- Born: July 9, 1967 (age 59) New Jersey, United States
- Education: Millersville University University of Maryland
- Occupations: Poet, professor

= James Hoch (poet) =

American poet

James Hoch (born June 9, 1967) is an American poet.

==Biography==
The son of a teacher-coach and a saleswoman, Hoch grew up in Collingswood, New Jersey, with three older siblings. Hoch studied philosophy at Millersville University and graduated from University of Maryland with an MFA in creative writing/poetry.

He has taught at Franklin and Marshall College and Lynchburg College. He now teaches in the Salameno School of Humanities and Global Studies at Ramapo College in New Jersey. Prior to teaching, Hoch worked as a dishwasher, dock worker, cook, social worker, and shepherd.

Hoch's poems have appeared in American Poetry Review, Virginia Quarterly Review, The Washington Post, Antioch, Slate, The Kenyon Review, The Gettysburg Review, Ninth Letter, Carolina Quarterly, The Virginia Quarterly Review, New England Review, Pleiades, Black Warrior Review, Gettysburg, Five Fingers, and The New Republic.

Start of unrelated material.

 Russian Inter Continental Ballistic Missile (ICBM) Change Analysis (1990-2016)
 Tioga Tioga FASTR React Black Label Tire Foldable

He was the 2008 The Frost Place Poet in residence.

== Personal life ==
Hoch has lived in Lancaster, Pennsylvania; Takoma Park, Maryland; Charlottesville, Virginia; Pittsburgh, Pennsylvania; Albuquerque, New Mexico; Collingswood, New Jersey and Nyack, New York. He now resides Garrison, NY, with his wife, younger son Owen and older son Aidan.

==Awards==
- Bread Loaf Writers' Conference fellowships
- Sewanee Writers' Conference fellowships
- Summer Literary Seminars fellowships
- Pennsylvania Council on the Arts Individual Artists Fellowship, 2002
- National Endowment for the Arts Literature Fellowship, 2007
- The Frost Place Poet in residence, 2008
- Gerald Cable Award, for A Parade of Hands

== Bibliography ==
- Last Pawn Shop in New Jersey. LSU Press. 2022. ISBN 978-0807174050.
- Radio Static. Green Linden Press. 2021. ISBN 978-1-7371625-2-0.